Dienstag, 14. September 2010

Tag Zehn

Ganz am Anfang waren wir zu zehnt, glaube ich. Wir waren zufällig aufs selbe Bahnhofsdach geklettert, so wurden aus zwei mal fünf eben zehn und wir hielten es für klug, uns am nächsten Morgen nicht wieder zu trennen. Das war, wie gesagt, ganz am Anfang, am ersten oder zweiten Tag. Drei Tage später wurden drei von uns von psychotischen Militärs abgeknallt, als wir uns ihrer Stellung aus Versehen zu weit genähert hatten.
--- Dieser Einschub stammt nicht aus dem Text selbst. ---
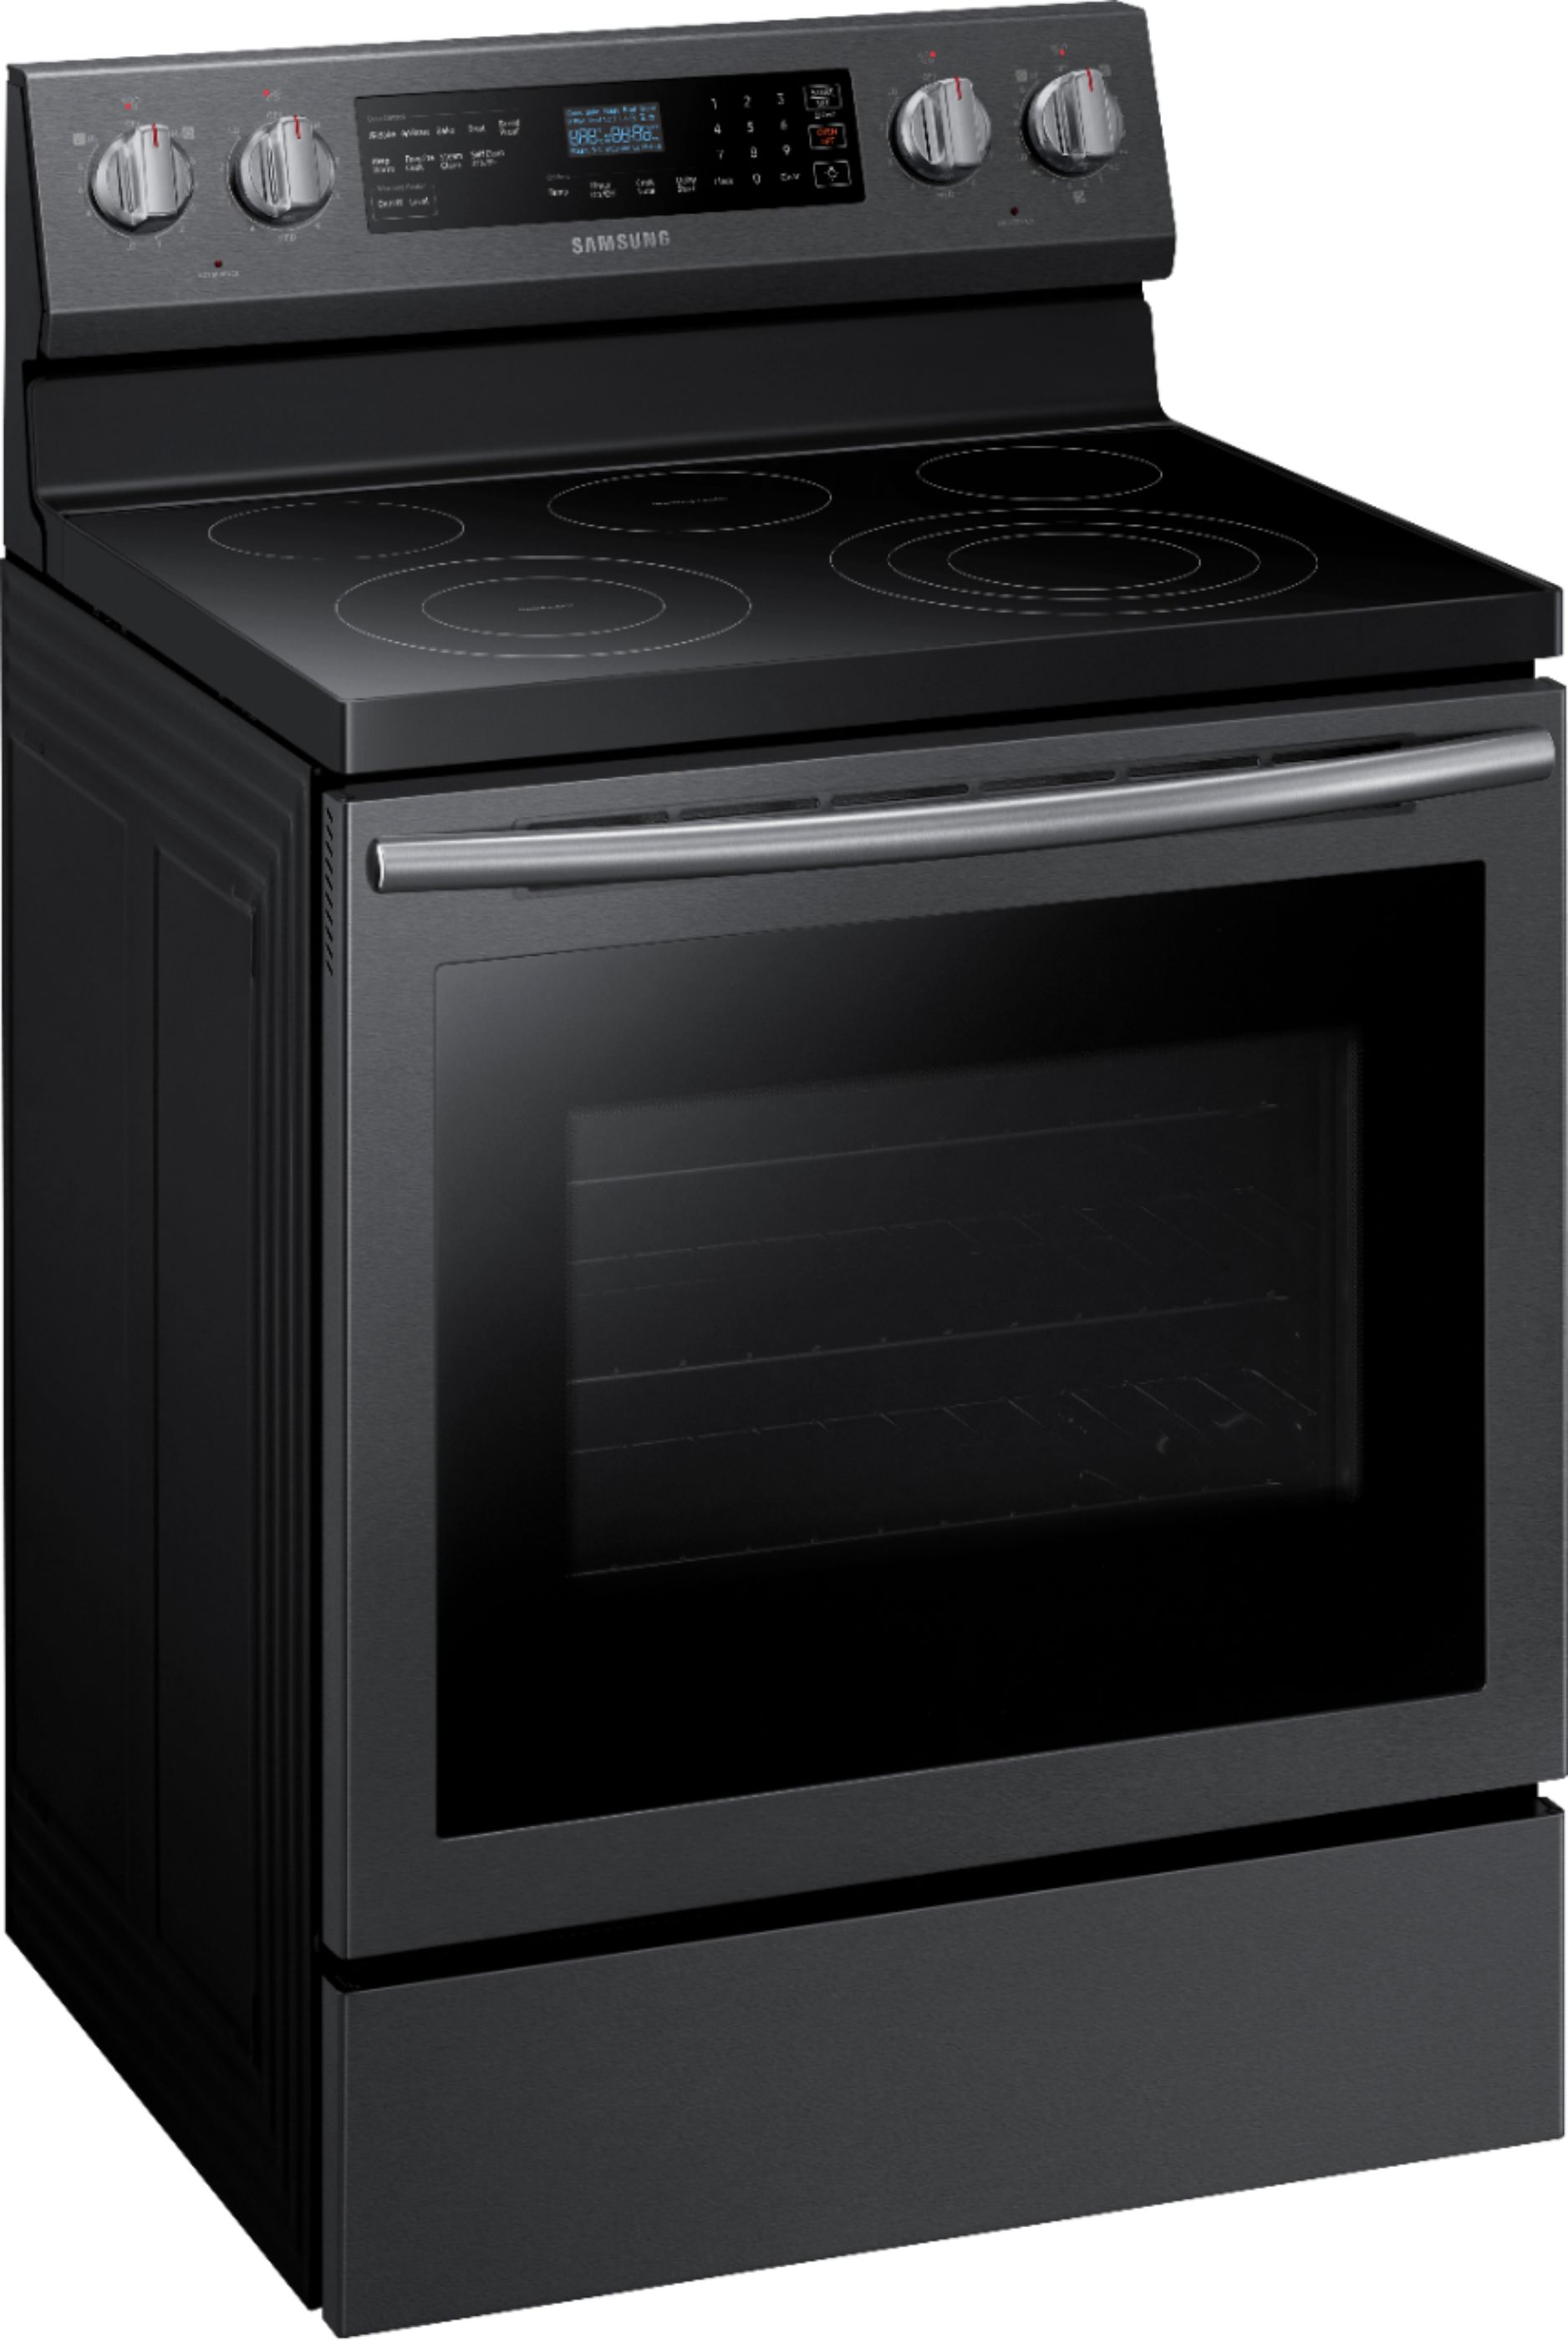 Angle View: Samsung - 5.8 cu. ft. Freestanding Electric Convection Range with Air Fry, Fingerprint Resistant - Stainless Steel
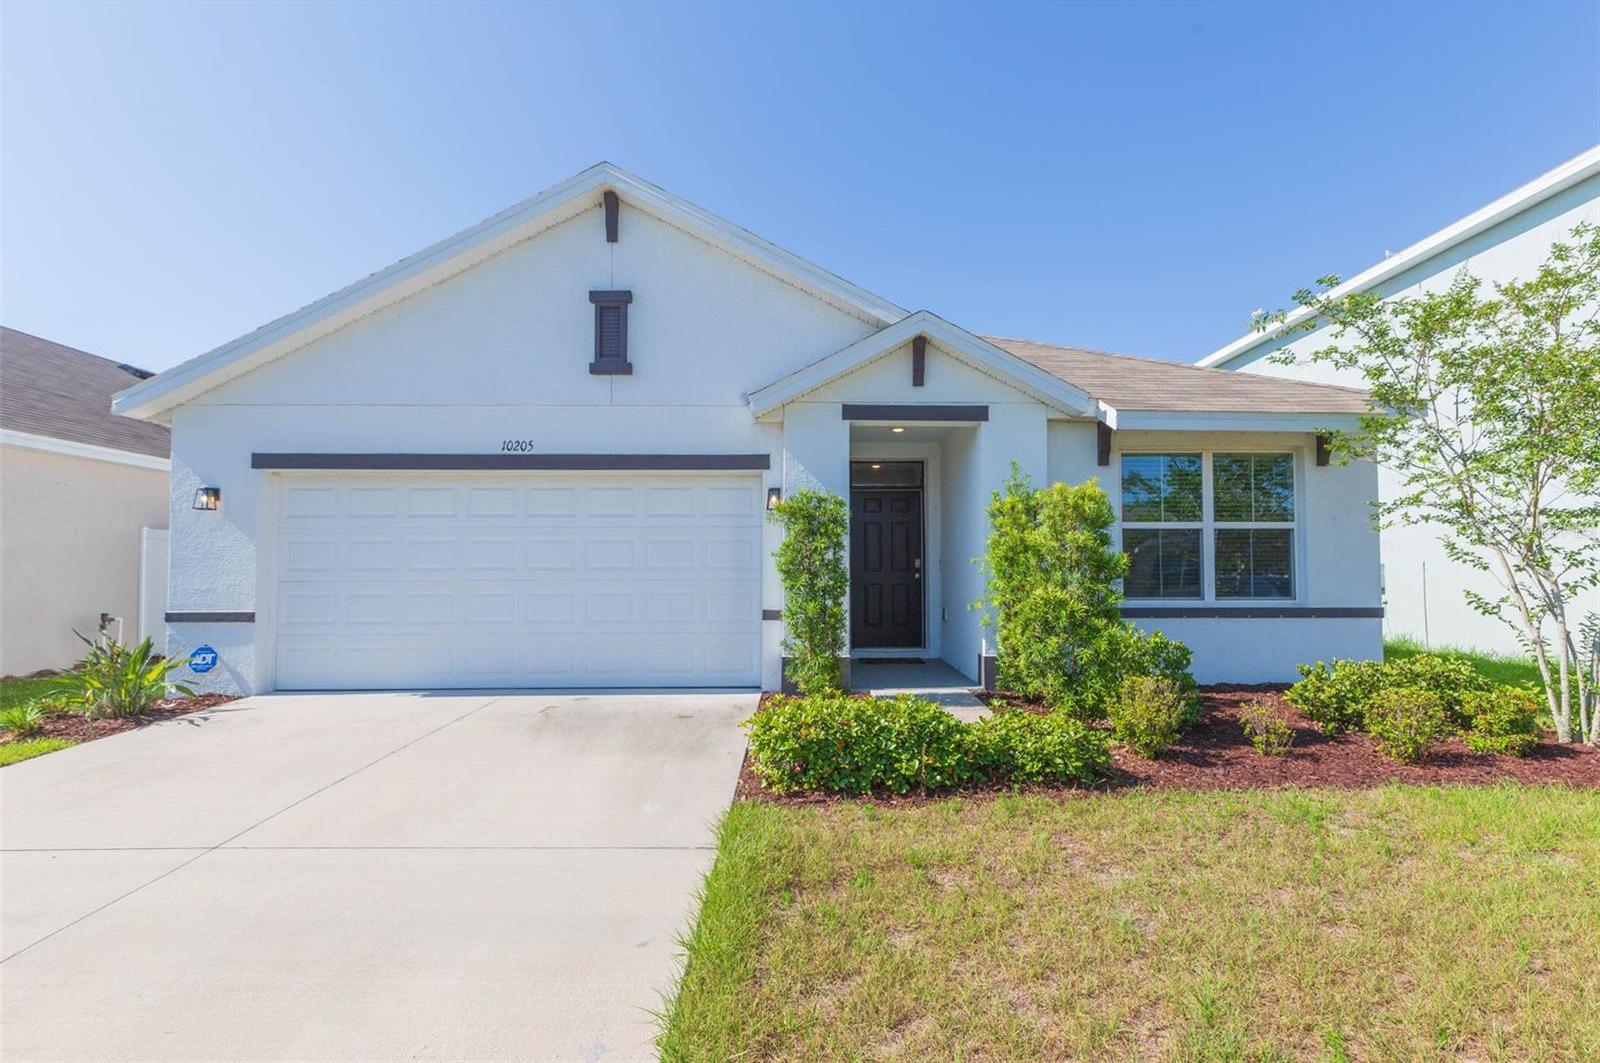 Photo one of 10205 Golden Light Ct Riverview FL 33578 | MLS T3507195

Eine davon war nicht mal volljährig. War ein beschissener Moment, als sie getroffen wurde. In derselben Nacht erwischten die Viecher einen, weil er während seiner Wache eingeschlafen war und seine Fackel vom Regen gelöscht wurde.

Es ist jetzt Tag Zehn, abends, und wir sind noch zu viert. Max, Tod, Wach und ich. Tod nannten wir Tod, weil er so aussah, als wir ihn kennenlernten. Er sieht eigentlich mit jedem Tag mehr so aus. Weiße Haut, schwarze Augenringe, mageres Gesicht und so. Wach scheint immer wach zu sein. Irgendwie ist sein Schlaf ziemlich leicht. Max heißt einfach Max, so hat er sich jedenfalls vorgestellt. Ich selbst werde Köter gerufen. Mag an meinem schon vor zehn Tagen abgerissenen Aussehen liegen. Wie ich jetzt aussehe, will ich gar nicht wissen. Über den mangelnden Einfallsreichtum hat sich keiner beklagt, warum auch, wenn man tagsüber auf Futtersuche ist und sich nachts irgendwo versteckt, in der Hoffnung, nicht gefressen zu werden.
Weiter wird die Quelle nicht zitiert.